Your task is to reproduce the listing exactly, without its images.

Information shown —

# # #

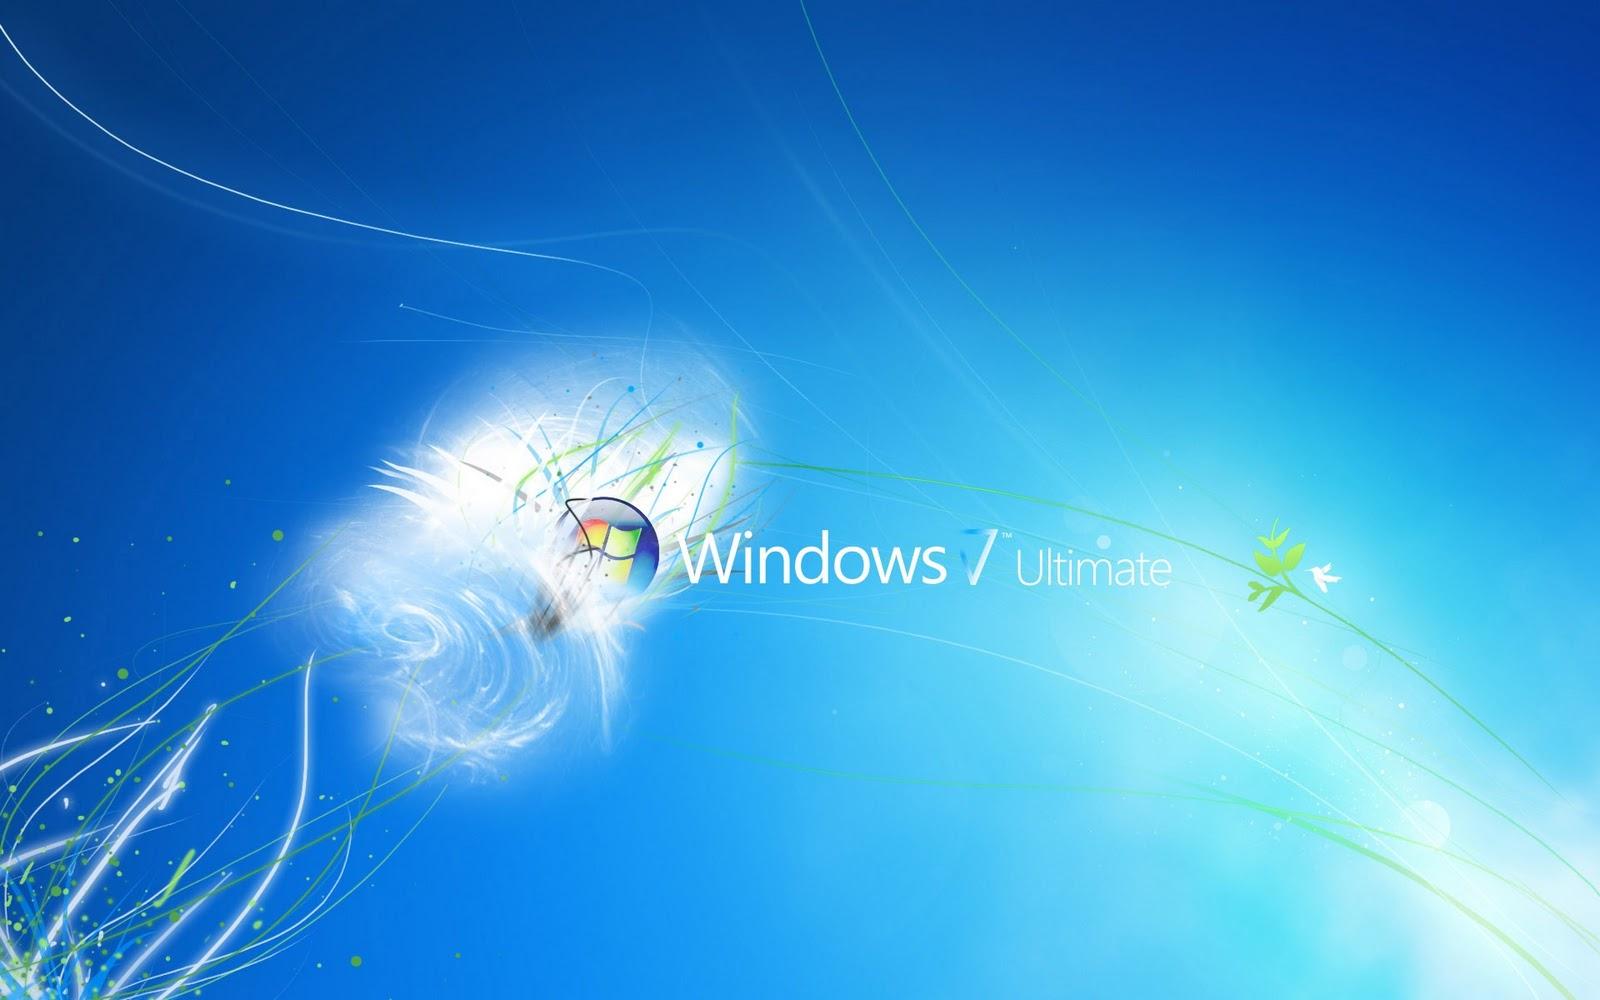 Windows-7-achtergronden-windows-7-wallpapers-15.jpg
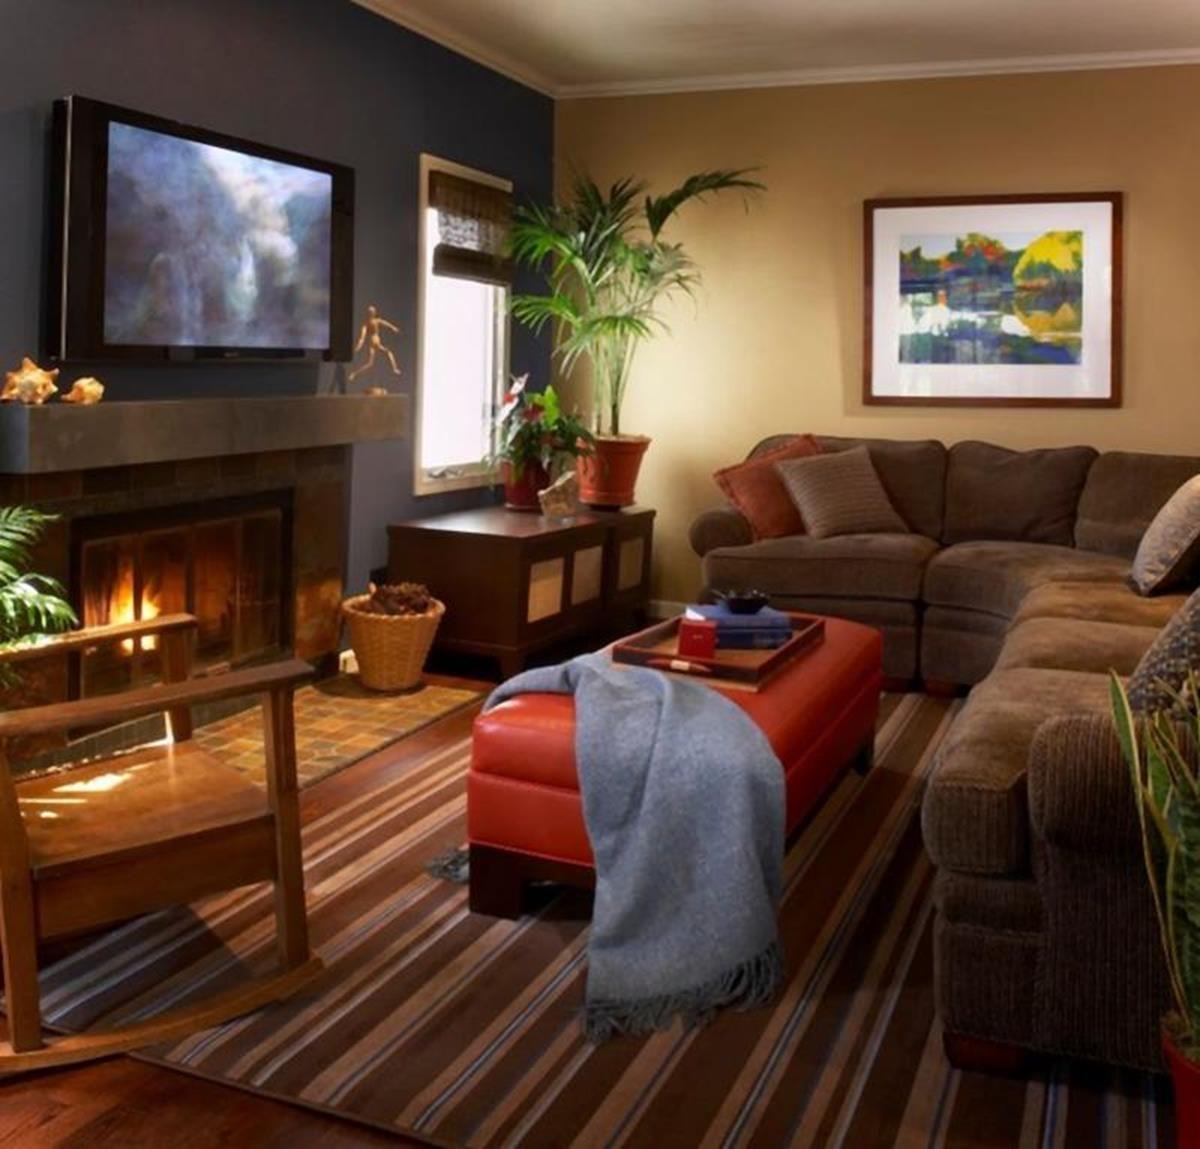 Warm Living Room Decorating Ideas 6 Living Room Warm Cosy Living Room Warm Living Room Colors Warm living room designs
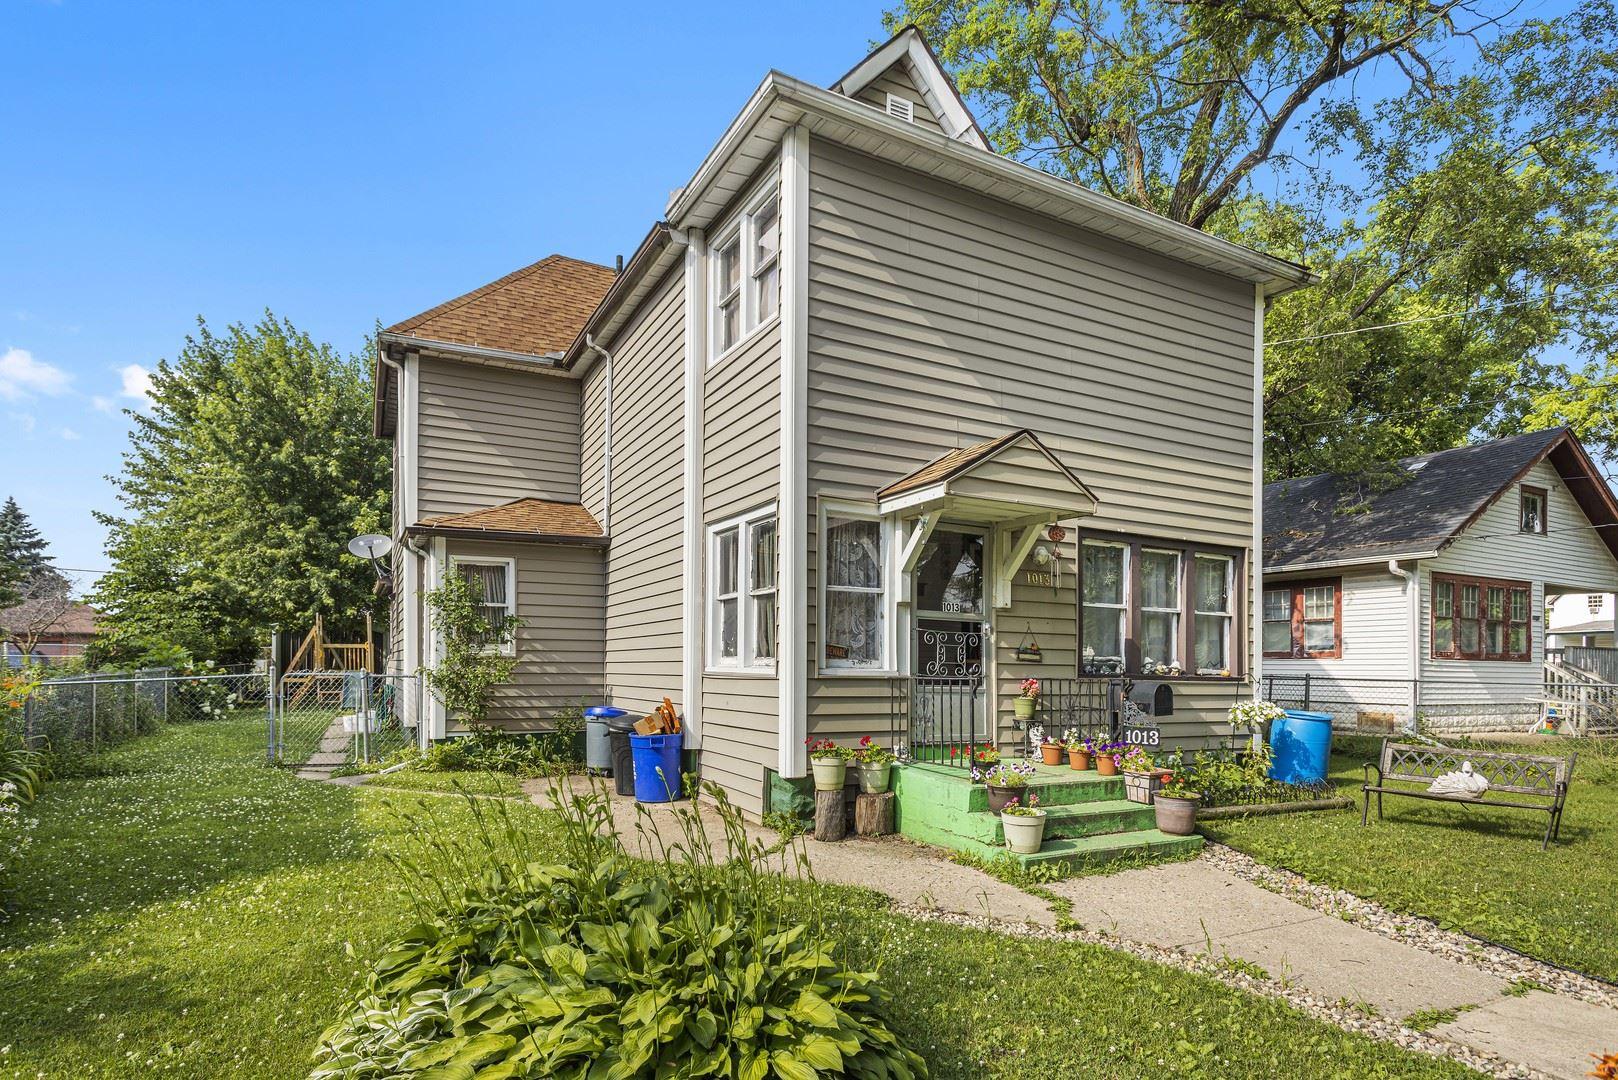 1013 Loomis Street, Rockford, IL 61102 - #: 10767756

# # #

Written reply —
 Windows-7-achtergronden-windows-7-wallpapers-15.jpg
 Warm Living Room Decorating Ideas 6 Living Room Warm Cosy Living Room Warm Living Room Colors Warm living room designs
 1013 Loomis Street, Rockford, IL 61102 - #: 10767756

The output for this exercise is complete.